Name.family <- full %>% group_by(Name.family) %>% summarise(Name.family.count = n())
full <- inner_join(full,Name.family, by = "Name.family")
knitr::kable(table(full$Name.title),"html") %>%
    kable_styling() %>%
    scroll_box(height = "200px")
Var1 Freq
Capt. 1
Col. 4
Don. 1
Dona. 1
Dr. 8
Jonkheer. 1
Lady. 1
Major. 2
Master. 61
Miss. 260
Mlle. 2
Mme. 1
Mr. 757
Mrs. 197
Ms. 2
Rev. 8
Sir. 1
the Countess. 1

As we can see from the last output, many titles have only few occurence. The less frequent titles are pooled in the more common ones:

full <- full %>% mutate(
    Title = as.factor(case_when(
        # Young boy less then 18 years old
        Name.title == "Master."                         ~ "Master",
        
        # Girl or unmarried women
        Name.title == "Miss." | 
            Name.title == "Mlle."                   ~ "Miss",
        
        # Women married
        Name.title == "Mrs."  | 
            Name.title == "Mme."  |
            Name.title == "Dona."                   ~ "Mrs",
        
        # Women with unspecified status
        Name.title == "Ms."           |
            Name.title == "Lady."         |
            Name.title == "the Countess." |
            Name.title == "Dr." & Sex == "female"   ~ "Mrs", # In this group because there are too few observation
        
        # Men
        Name.title == "Mr."       |
            Name.title == "Sir."      |
            Name.title == "Rev."      |
            Name.title == "Don."      |
            Name.title == "Jonkheer." |            
            Name.title == "Dr." & Sex == "male"     ~ "Mr",
        
        # Crew
        Name.title == "Capt." |
            Name.title == "Col."  |
            Name.title == "Major."                  ~ "Mr" # In this group because it wasn't significative in the final model
    ))
)

Below it’s shown the new histogram of the Title feature just created:

g <- ggplot(full, aes(Title))
g <- g + geom_bar(color="black", aes(fill=Title))
g <- g + coord_flip() + labs(title = "Passenger titles", x = "Title", y = "Count") + theme_bw()
g

Ticket: Ticket number

Using the same approch used for the Title (checking the structure of the entries and using regex), the Ticket.number is extracted:

full$Ticket.number <- gsub(pattern = "^((.*) )?(\\d*)?$", x=full$Ticket, replacement="\\3")
# Since we want to treat them as number the tickets which start with LINE are replaced with the 0
full$Ticket.number <- gsub(pattern = "^LINE$", x=full$Ticket.number, replacement="0")
full$Ticket.number <- as.integer(full$Ticket.number)

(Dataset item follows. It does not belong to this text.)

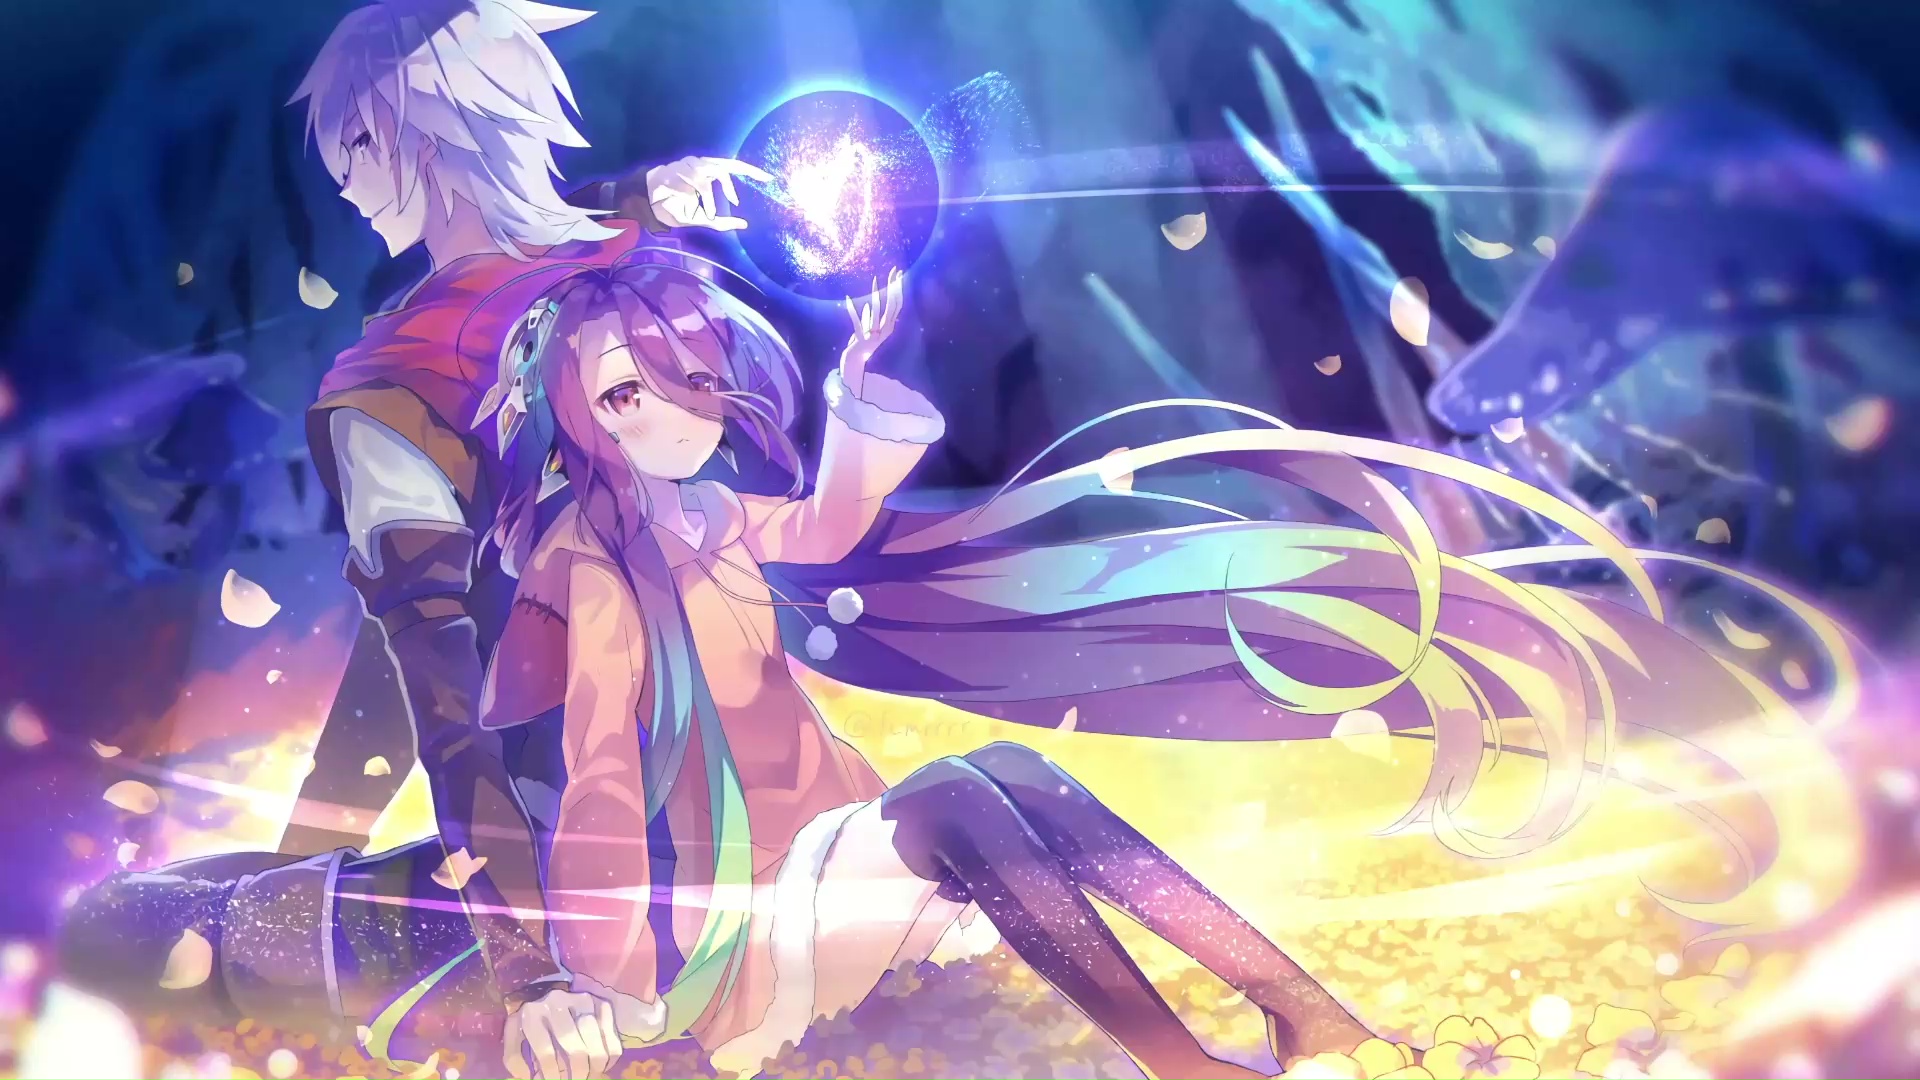 670 No Game No Life HD Wallpapers and Backgrounds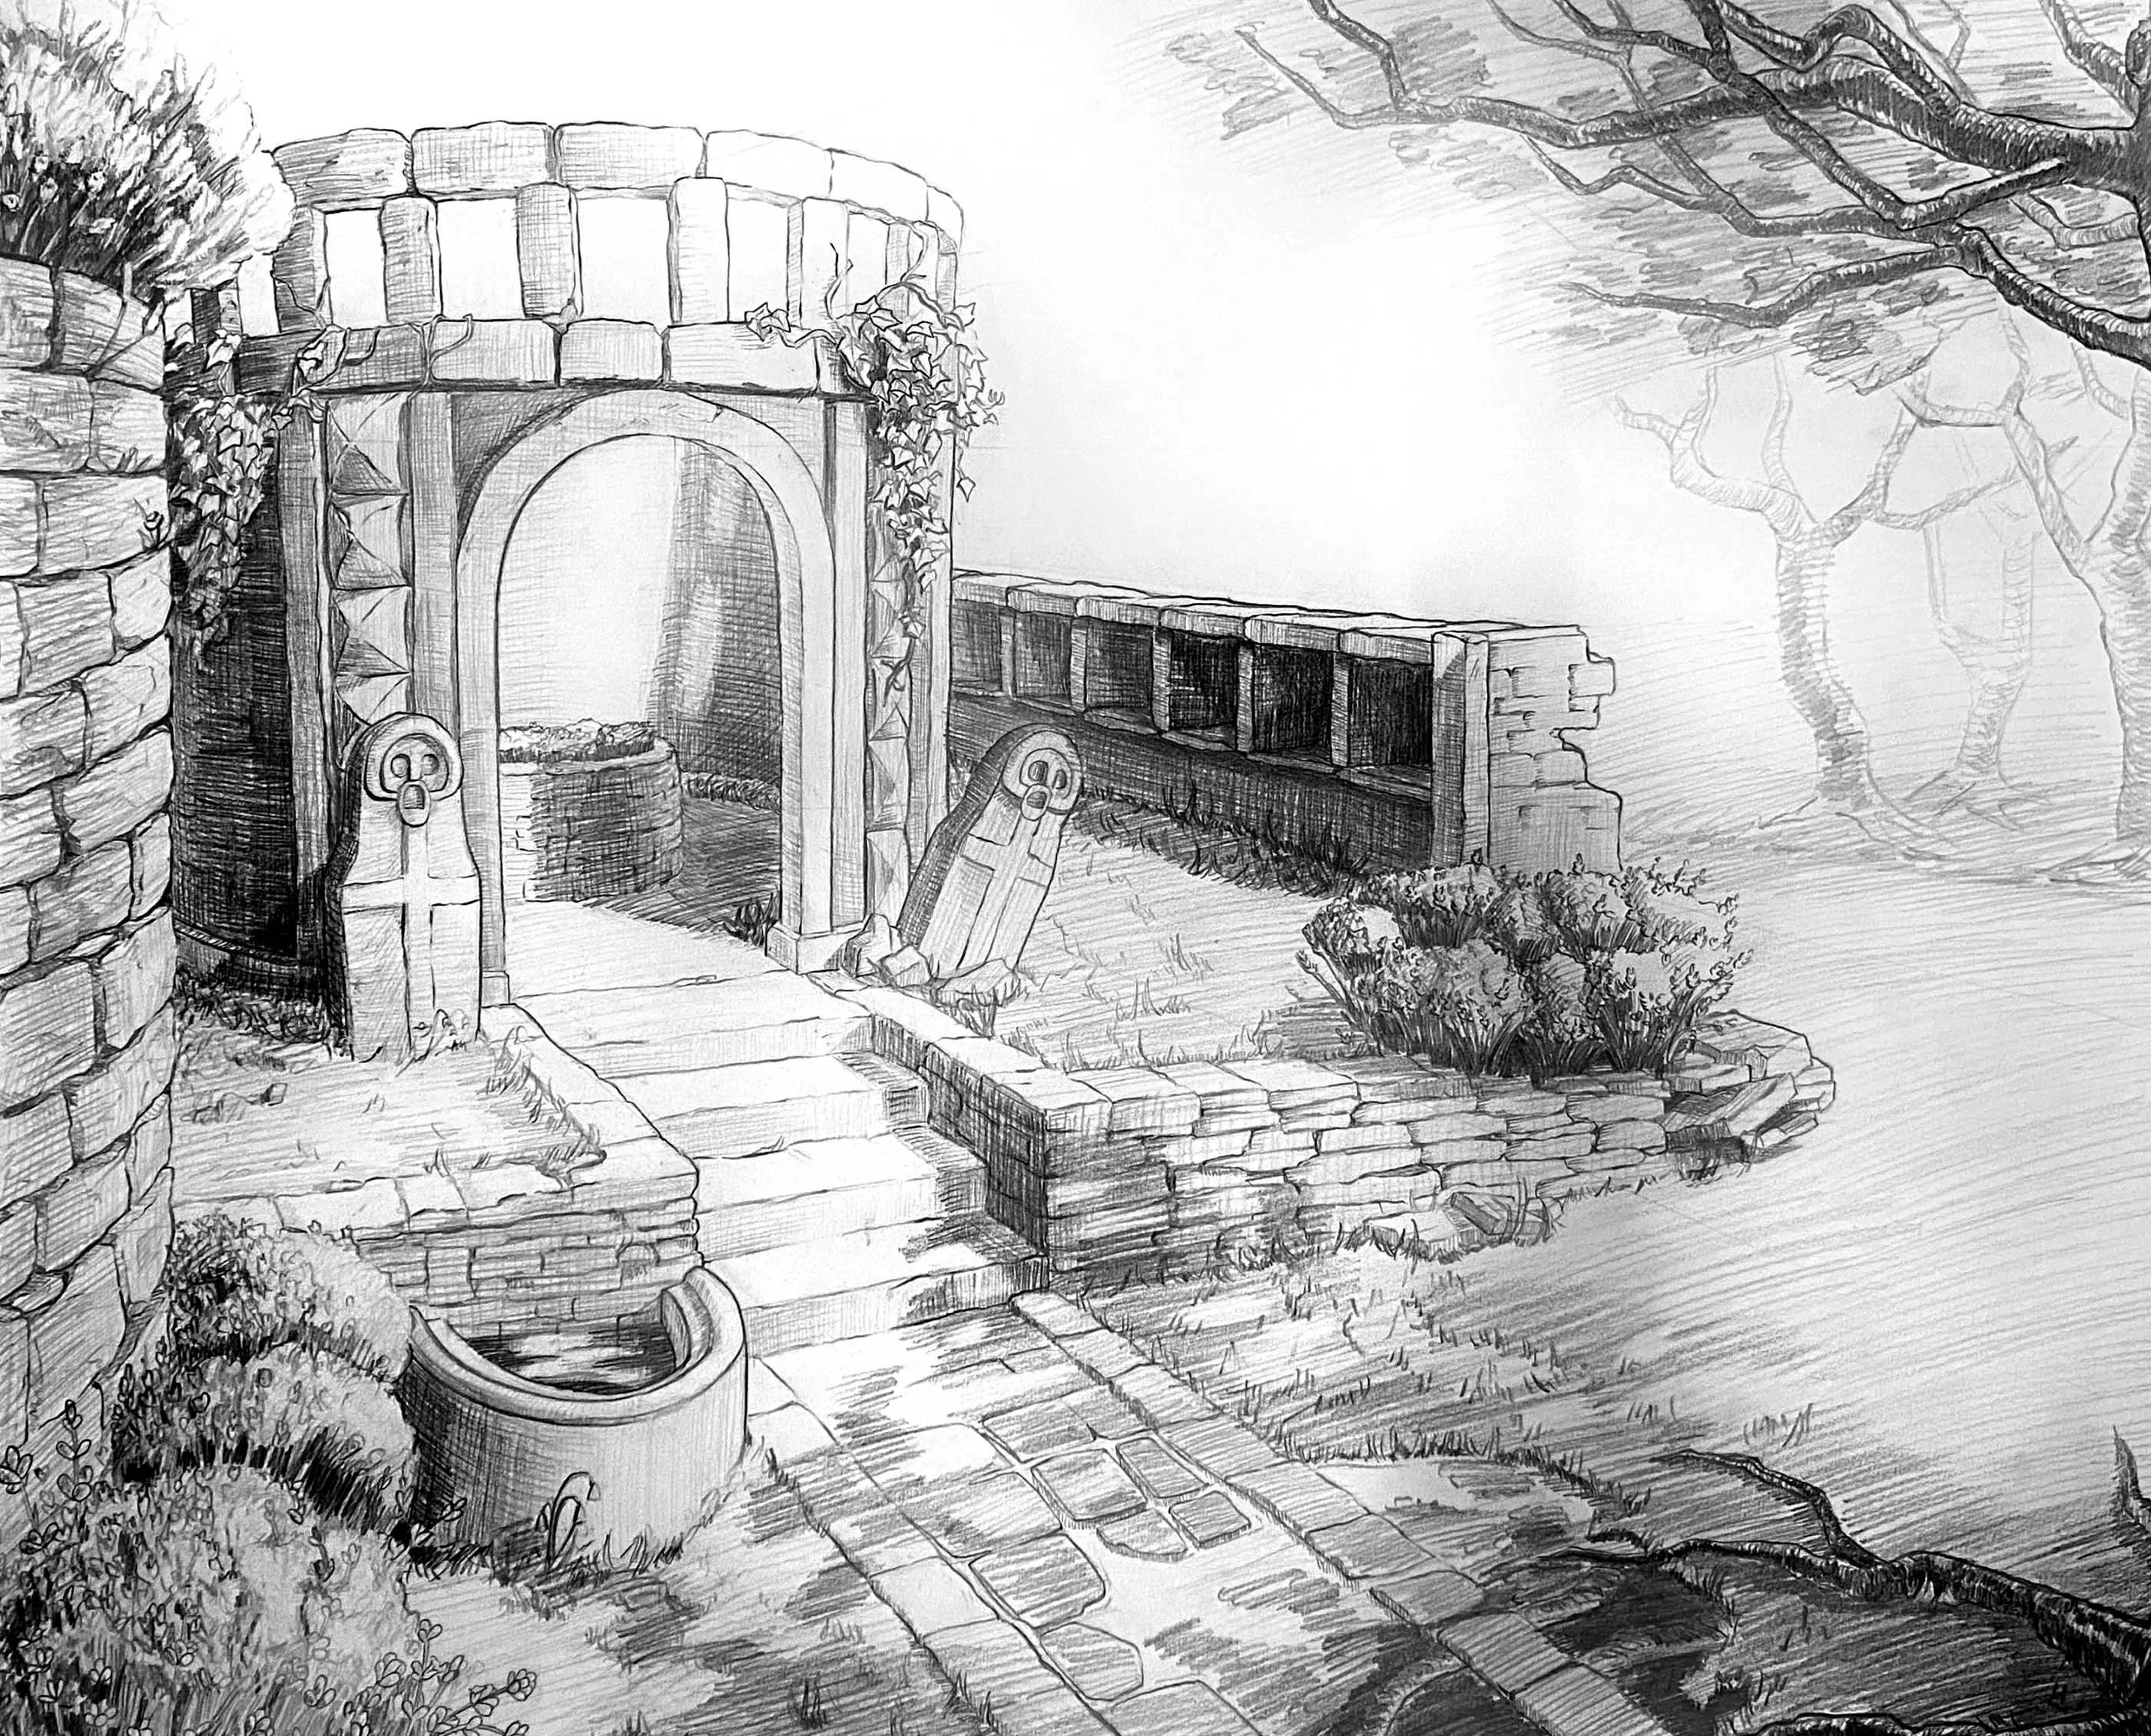 A drawing of a dilapidated shrine and well.

Cabin: extracting the deck

full <- full %>% mutate(Cabin.Deck = as.factor(case_when(
    grepl("^A",Cabin) ~ "A",
    grepl("^B",Cabin) ~ "B",
    grepl("^C",Cabin) ~ "C",
    grepl("^D",Cabin) ~ "D",
    grepl("^E",Cabin) ~ "E",
    grepl("^F",Cabin) ~ "F",
    grepl("^G",Cabin) ~ "G",
    grepl("^T",Cabin) ~ "T",
    TRUE ~ "NONE"
)))
g <- ggplot(filter(full,Cabin.Deck != "NONE" & Set=="train"), aes(Cabin.Deck))
g <- g + geom_bar(color="black", aes(fill=Survived, alpha=Pclass), position = "dodge")
g <- g + labs(title = "Cabin Deck distribution", x = "Cabin Deck", y = "Count") + theme_bw()
g
## Warning: Using alpha for a discrete variable is not advised.

Missing Value imputation

Age

Two different imputation techniques are tried:

  • fit a tree-based model using Age and Title;
  • replacing with the median age inside inside the Title group of appartenance.

Median inside the Title group

By looking at the Age distribution for each Title:

it seems reasonable to use the median Age in the Title group of appartenency.